I do not yet know exactly when Doug arrived in Palestine, nor when he left. We know that he was evacuated from St. Nazaire in June 1940 and remained in Britain for training, on the estate of the Marquess of Aylesbury in Wiltshire, for operations in the Middle East.  The Wadi es Sarar depot was completed by the Royal Engineers on 10 March 1941. An invasion of Syria was launched from Palestine in July 1941, and of Persia in August. Assuming that training lasted a few months, and allowing for transport to the Middle East, it seems likely that he arrived in early 1941 or Spring  that year. As for when he left, he was awarded the Africa Star, which recognized service in North Africa from 10 June 1940 to 12 May 1943. We know that he landed in France shortly after D Day in June 1944, so he probably left Palestine in the summer of 1943.

 

Doug returned home for good from Belgium in November 1945 to his young wife Alice and a baby son, Antony, born while he was in France and Belgium. He was a regular visitor to his mother in Grundisburgh where his name and those of his brother George and Leslie are recorded in the church.


The Roll of Honour in Grundisburgh church. George is G. E. Jacobs. Leslie is L. T. Jacobs (Royal Air Force). Doug's regiment is incorrectly listed as RA rather than RAOC

St Mary's Grundisburgh, interior

 

Angels on the roof timbers of St Mary, Grundisburgh, typical of Medieval Suffolk churches. These angels must have seemed a world away from Wadi es Sarar

During his time at Wadi es Sarar, Palestine was already a contested space. Doug was clearly aware of increasing tensions between different groups. He was once asked by representatives of one organization to sack his Arab workers. He refused. As an employer of local workers he was aware of the tensions that before the end of the decade would result in one of the most tragic and intransigent conflicts of the century.

 

What happened to his friend Anis and his family after Doug’s departure, or to his friend Friede, we do not know. However, the Palestine Railway ceased to exist at the end of the Palestine war of 1948. Trains were attacked near Wadi es Sarar by armed groups in January and February 1942. The 1948 left the station building in ruins. Its remains still stand, but Wadi es Sarar is now simply a passing point on the line.  Perhaps Anis survived these turbulent times. He may have remained in the new Jewish state or he and his family may have joined the great masses of Palestinians who fled into exile. In either case, as far as I know, my father never saw or heard from his friends again. 

 

A map of the Hulda area in 1942. The Jaffa-Jerusalem line runs down the centre of the map. Wadi es Sarar is to the south, not visible in this map (see map below)

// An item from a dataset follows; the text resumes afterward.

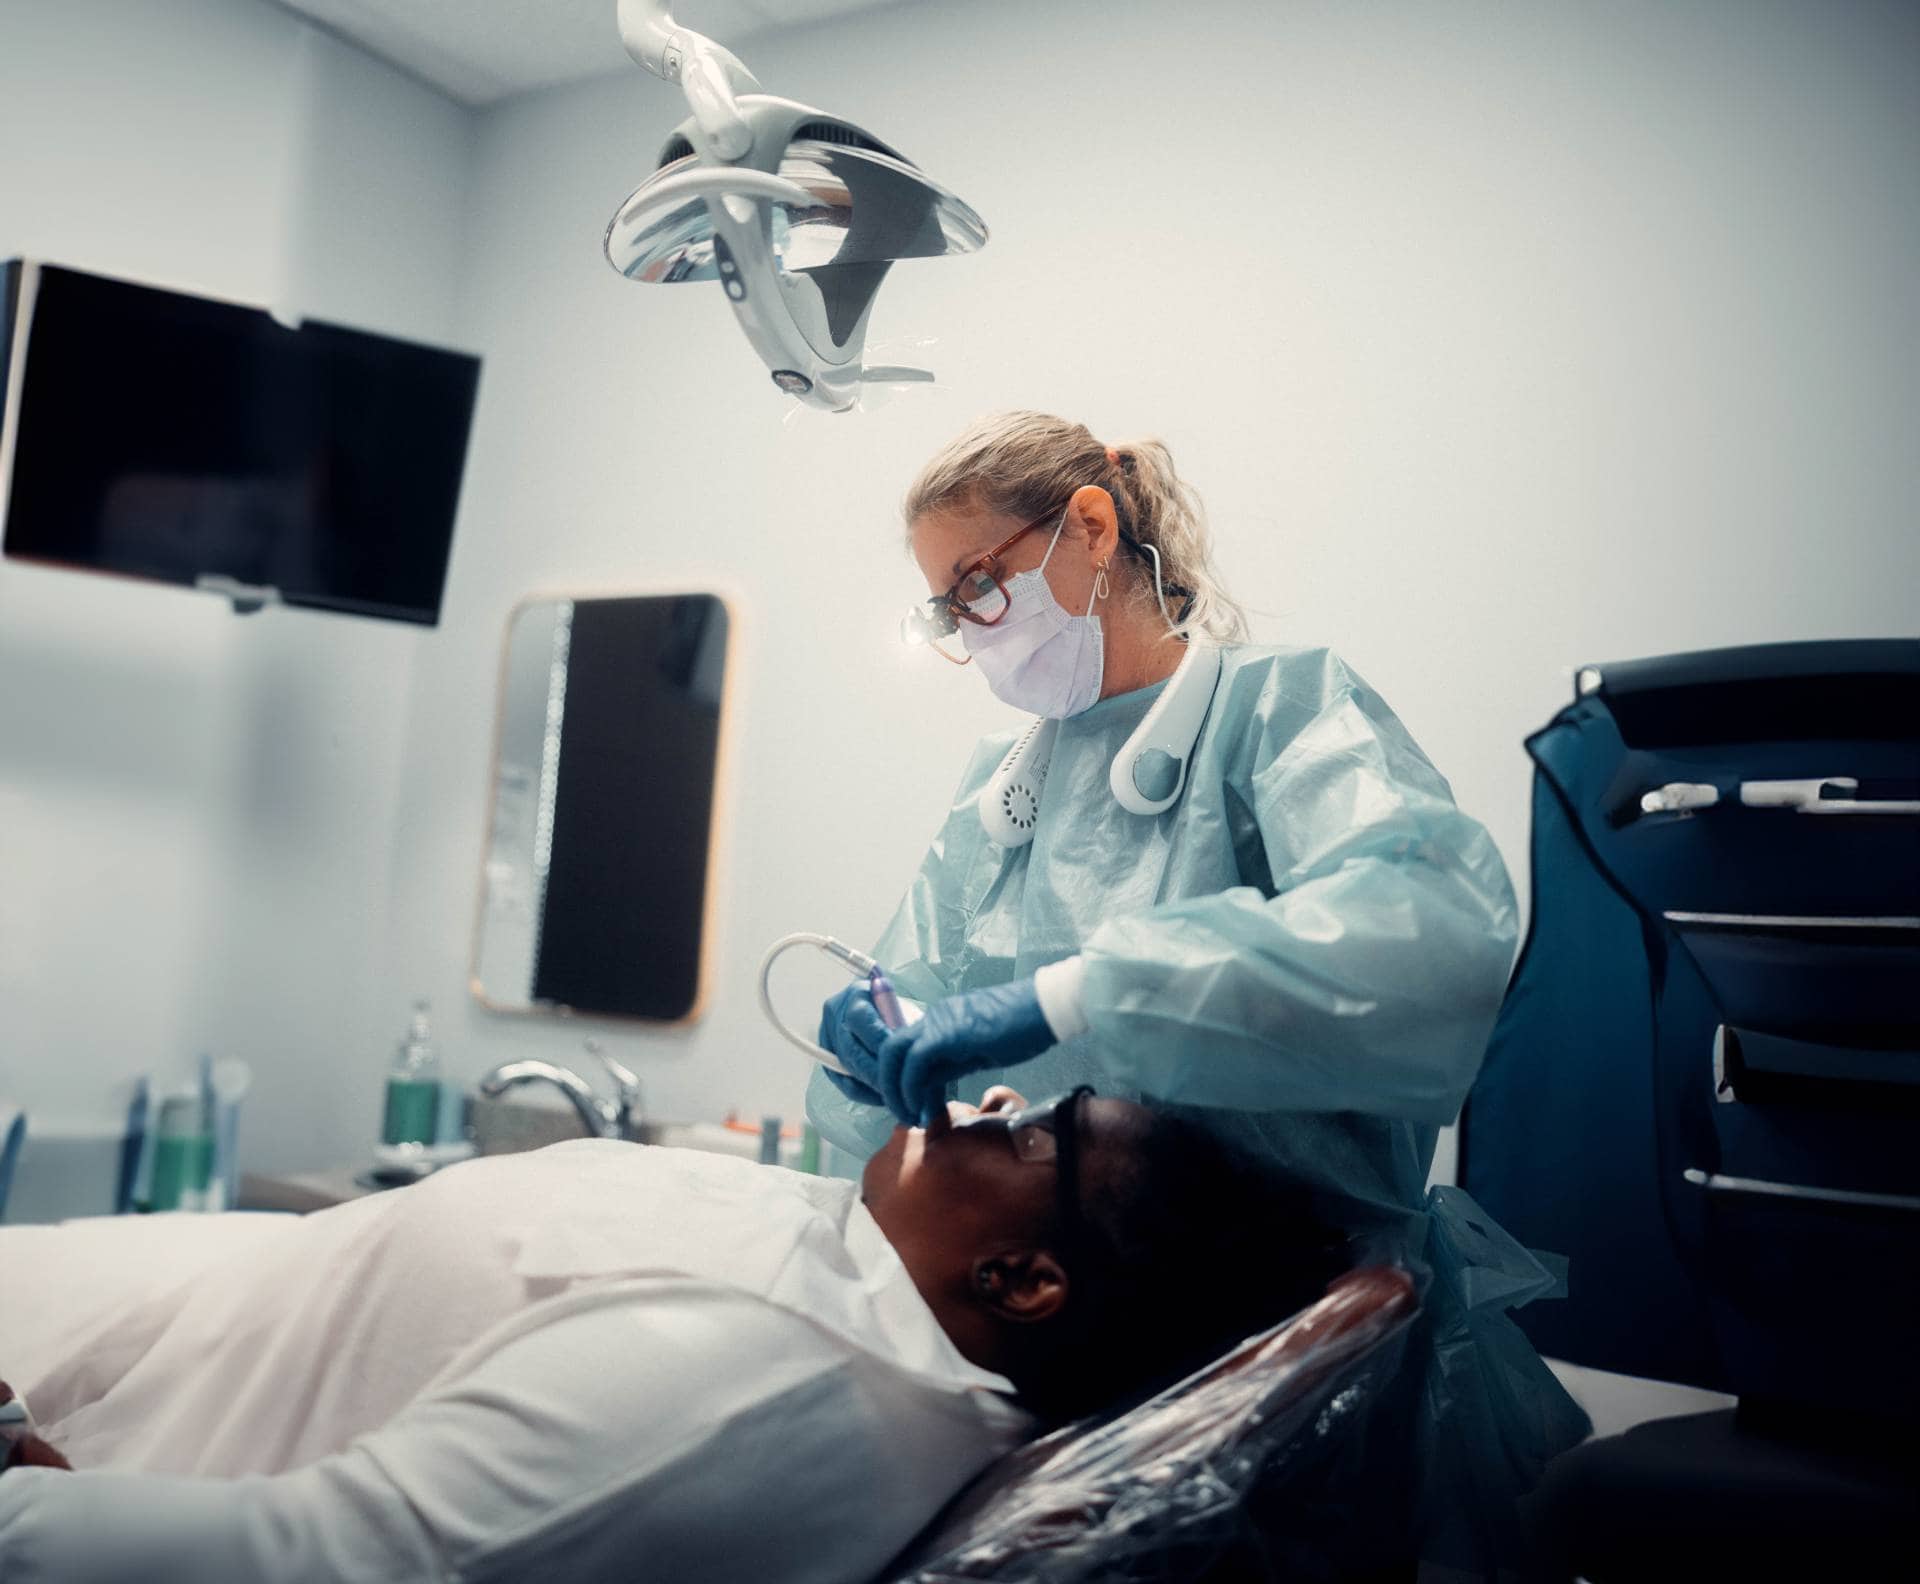 Orthodontist examining patient's teeth

I think we can suppose that 1945-1948 was a perilous time for Anis and his family. The photo of Wadi es Sarar station is in the archives of Kibbutz Hulda. Hulda takes its name from a Palestinian village named Khulda which existed nearby until the 1948 war. The land for the settlement was bought in 1905. The first settlers moved there in 1909. The farm was attacked and evacuated on orders from British forces in 1929, but resettled in 1931. It suffered further attacks 1936-1939. During the 1948 fighting Hulda was a base for  the Jewish military. Ani’s station was therefore in a hotly contested location. Google maps tells me that Wadi es Sara station is a 7.4km. walk from contemporary Hulda, so when intercommunal strife broke out the station will not have been far from any fighting.


 
Map of the Hulda area 1945. Wadi es Sarar is marked bottom right as Sara. Google maps suggests that the station was located slightly south of the point where the rail line crosses the main road to Masmiya and Deir Muheisin. According to this map there was no town or village associated with the station.